Question

If \[2{{x}^{3}}+a{{x}^{2}}+bx-6\] has \[\left( x-1 \right)\] as a factor and leaves remainder 2 when divided by \[\left( x-2 \right)\], find the value of a and b respectively.
(a) -8, 12
(b) 8, 12
(c) -4, 10
(d) 1, -10

Answer 1

Hint: Use the fact that if f (x) is a polynomial and is divided by \[x-\alpha \] then \[f\left( \alpha \right)\] is its remainder. So find f (1), f (2) and then equate it with 0, 2 and then solve the equations simultaneously for a, b.

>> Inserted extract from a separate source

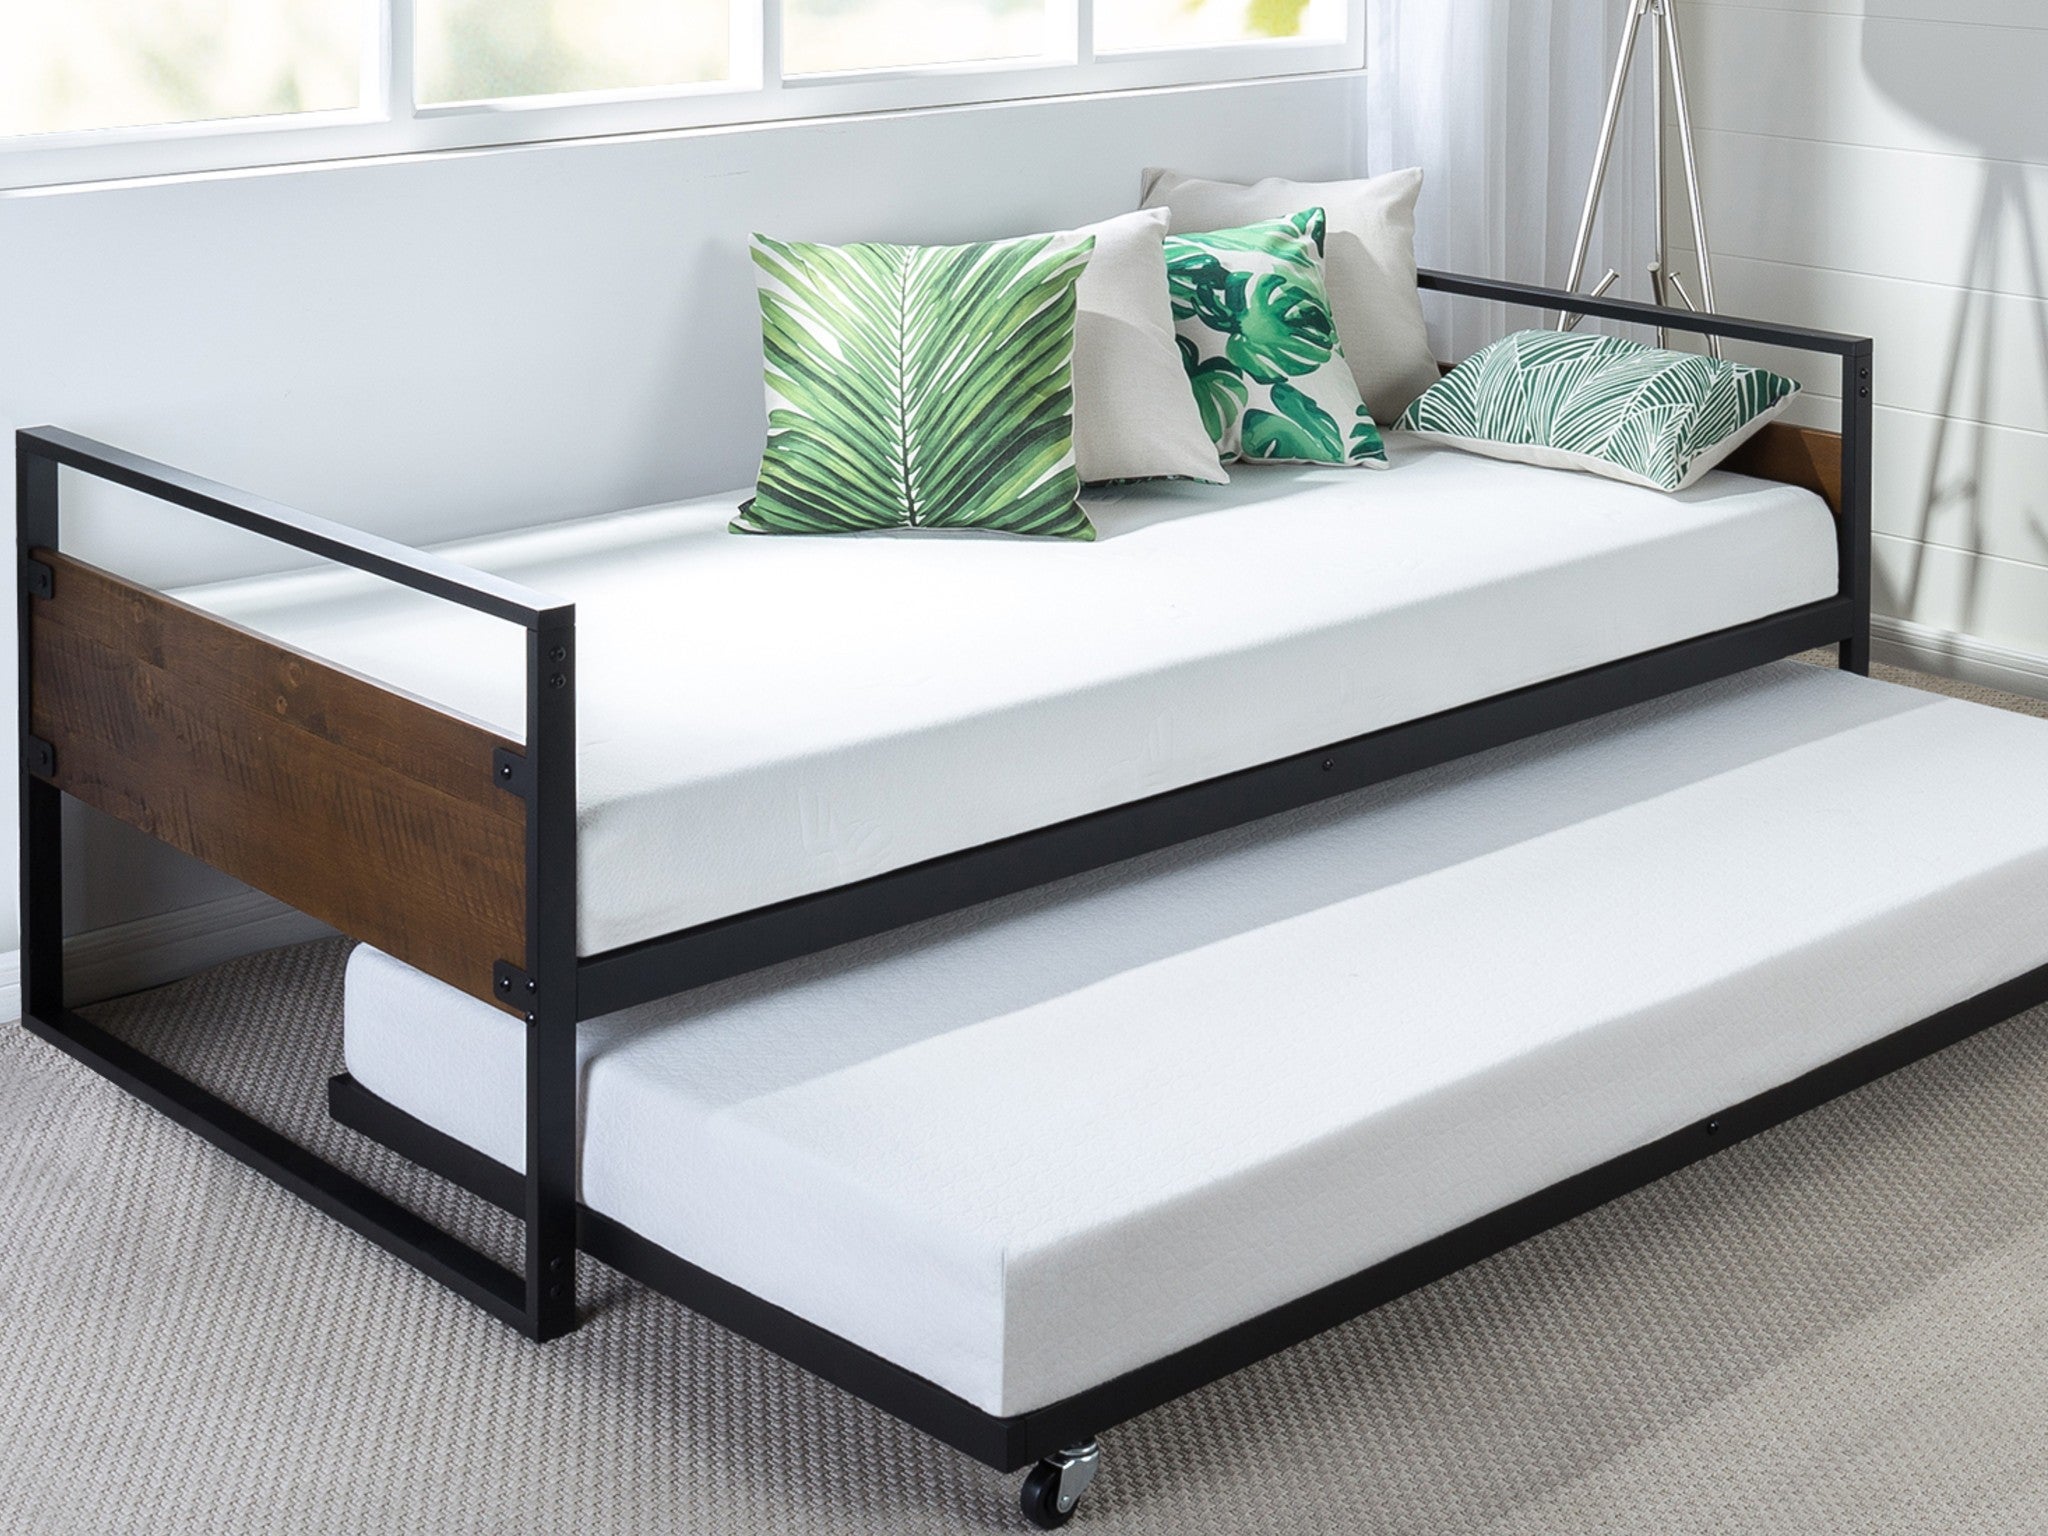 Symple Stuff barrett daybed with trundle indybest.jpg

Complete step-by-step answer:
In the question we are given an expression of polynomial \[2{{x}^{3}}+a{{x}^{2}}+bx-6\]. We are also told that \[\left( x-1 \right)\] is a factor of the expression and if divided by \[\left( x-2 \right)\] we get remainder 2. Now we have to find a, b.
There is a property of polynomials which I want to provide before proceeding.
If the polynomial is represented by f (x) and if it is divided by \[x-\alpha \] then it’s remainder will be \[f\left( \alpha \right)\].
Here the polynomial is given as, \[2{{x}^{3}}+a{{x}^{2}}+bx-6\] and it is represented as f (x) and as it is divided by x – 1 and leaves remainder 0. So we can write it as
\[\begin{align}
  & \Rightarrow f\left( x \right)=2{{x}^{3}}+a{{x}^{2}}+bx-6 \\
 & \Rightarrow f\left( 1 \right)=2{{\left( 1 \right)}^{3}}+a{{\left( 1 \right)}^{2}}+b\left( 1 \right)-6 \\
 & \Rightarrow f\left( 1 \right)=2+a+b-6 \\
 & \Rightarrow f\left( 1 \right)=a+b-4 \\
\end{align}\]
We know that f (1) is 0 so we get,
\[\Rightarrow a+b-4=0\]
Or, \[a+b=4\] - (i)
Now if the same polynomial is taken f (x) and is divided by x – 2, here it leaves reainder 2 so we can write it as,
\[\begin{align}
  & \Rightarrow f\left( 2 \right)=2{{\left( 2 \right)}^{3}}+a{{\left( 2 \right)}^{2}}+b\left( 2 \right)-6 \\
 & \Rightarrow f\left( 2 \right)=16+4a+2b-6 \\
 & \Rightarrow f\left( 2 \right)=4a+2b+10 \\
\end{align}\]
We know that f (2) is equal to 2 so we get,
\[\Rightarrow 4a+2b+10=2\]
Or, \[4a+2b=-8\]
Or, \[2a+b=-4\] - (ii)
Now subtracting equation (i) from equation (ii) we get,
\[\Rightarrow \left( 2a+b \right)-\left( a+b \right)=-4-4\]
Or, a = - 8
So we get the value of a is -8.
Let substitute a = - 8 in equation (i) so we get,
\[\Rightarrow -8+b=4\]
Or, b = 12
Hence the values of a and b are -8 and 12 respectively. So the correct answer is (a).

Note: In the question after finding a, b they can also verify them by putting a, b back in the expression. Then divide \[\left( x-1 \right)\] and \[\left( x-2 \right)\] individually to find remainder which are 0 and 2 respectively or not.